The phase III, open-label trial randomly assigned 519 patients who had received at least two prior cytotoxic regimens for metastatic triple-negative breast cancer to 21-day cycles of gemcitabine (1,000 mg/m2 IV) and carboplatin (area under the curve 2 IV), both on days 1 and 8, or the same chemotherapy doublet plus iniparib (5.6 mg/kg IV) on days 1, 4, 8 and 11.
The overall response rates by independent radiology review were 30% among the 258 chemotherapy patients and 34% among the 261 iniparib patients, Dr. O’Shaughnessy said. The clinical benefit rates were 36% and 41%.
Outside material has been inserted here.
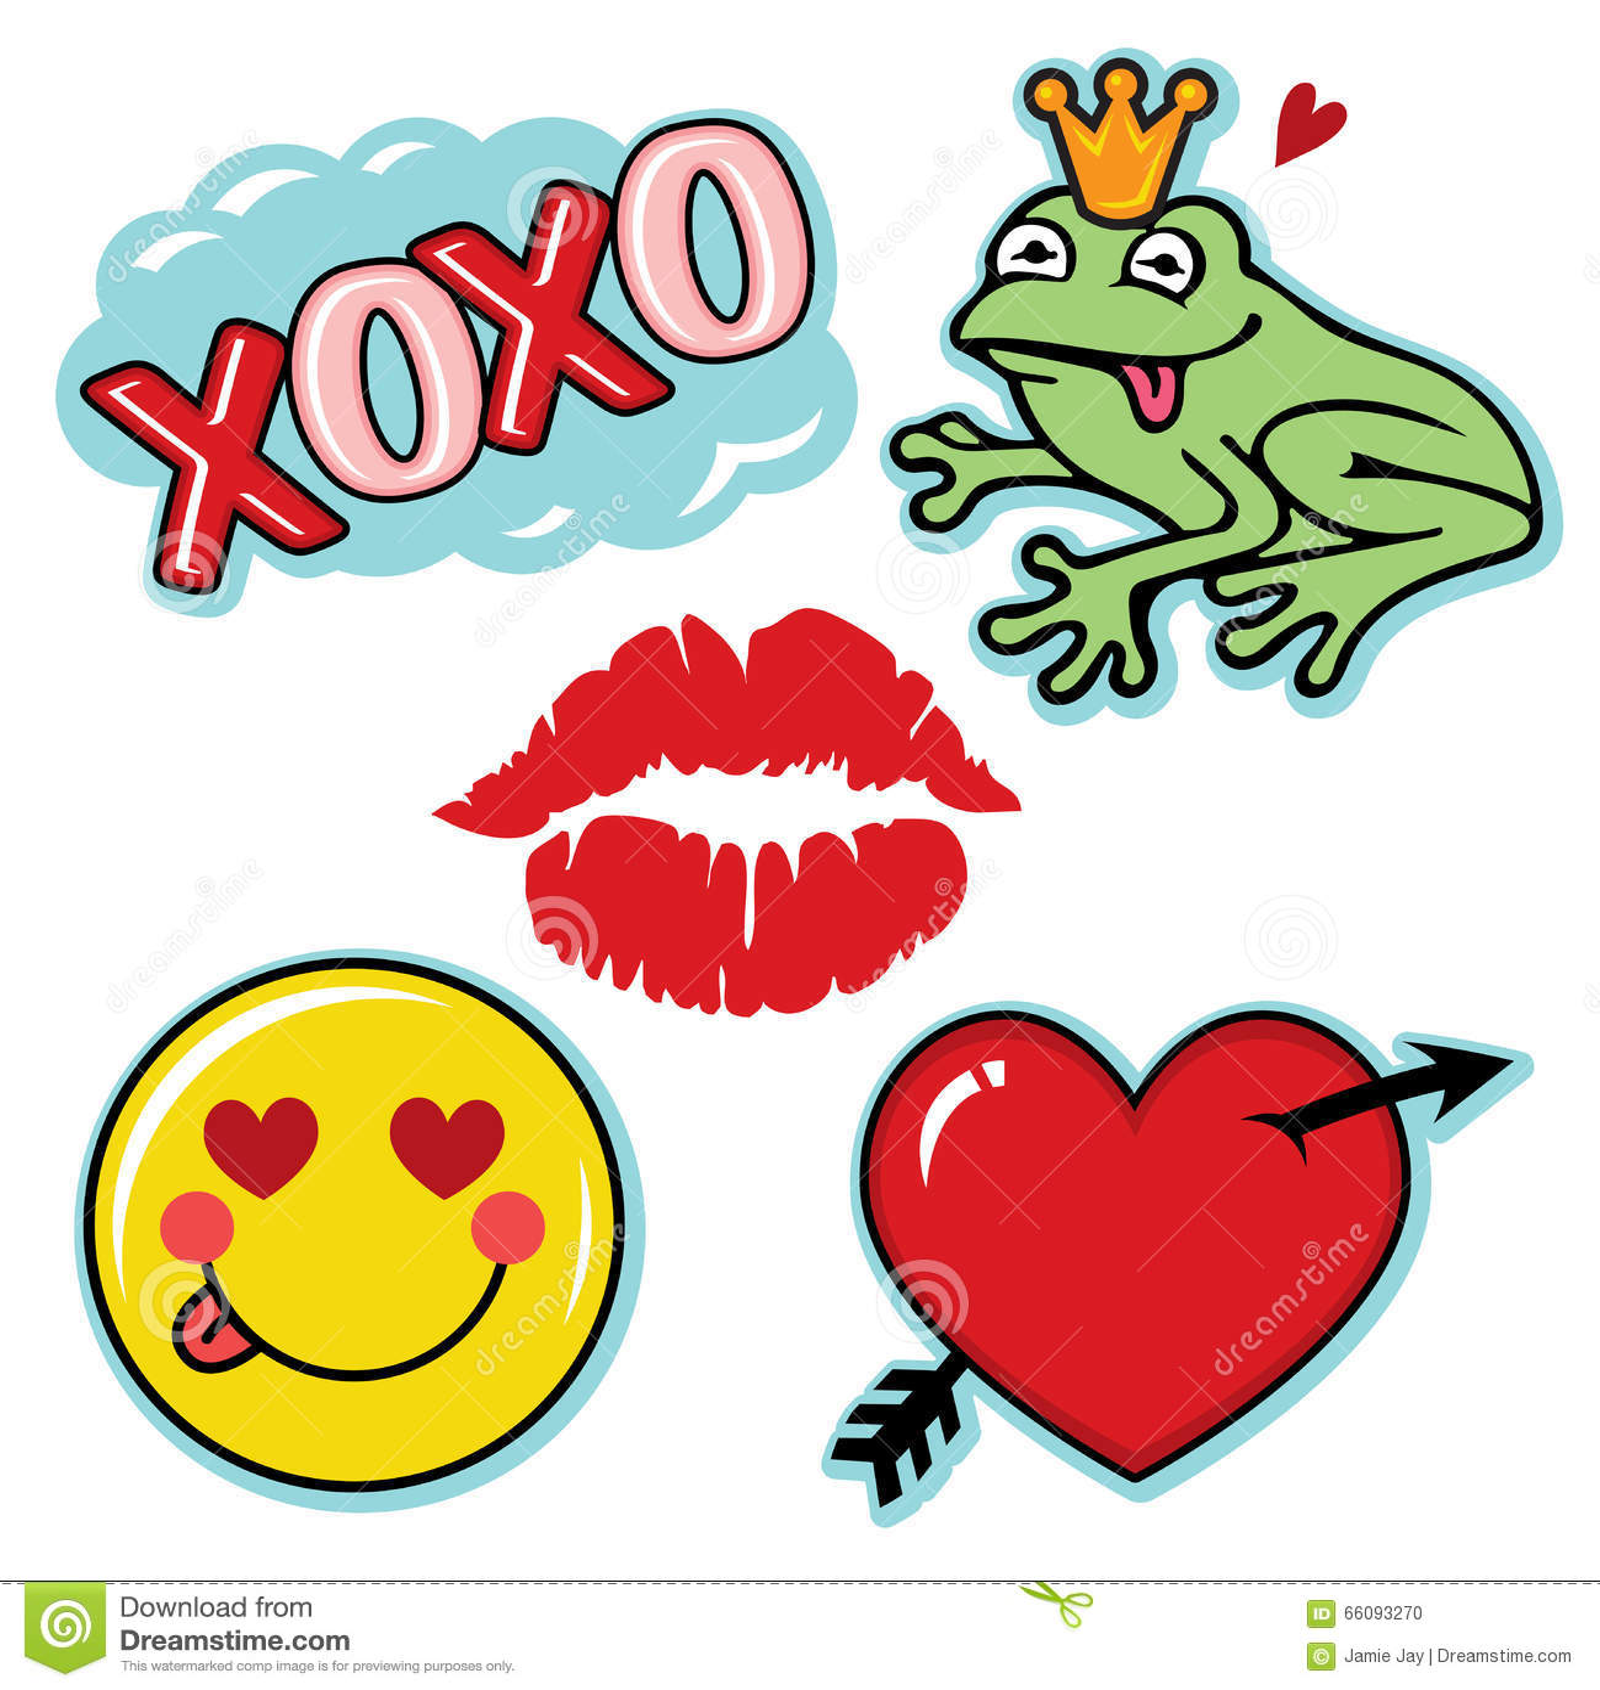 Valentine Fresh And Fun Love Icon Set Stock Vector - Illustration of

The toxicity of iniparib plus gemcitabine and carboplatin was comparable with that of chemotherapy alone. One death from upper GI hemorrhage was attributed to iniparib therapy. Biomarker analyses are underway to evaluate patient populations that may benefit from iniparib, she said.
Sanofi-Aventis sponsored the trial in collaboration with BiPar Sciences. Dr. O’Shaughnessy disclosed honoraria from Sanofi-Aventis, which provided editorial support for the trial. A coauthor reported consulting/advising for Sanofi-Aventis. Dr. Carey disclosed consulting or advising for Sanofi-Aventis, Genentech, Novartis, GlaxoSmithKline, Pfizer, Schering-Plough and Wyeth.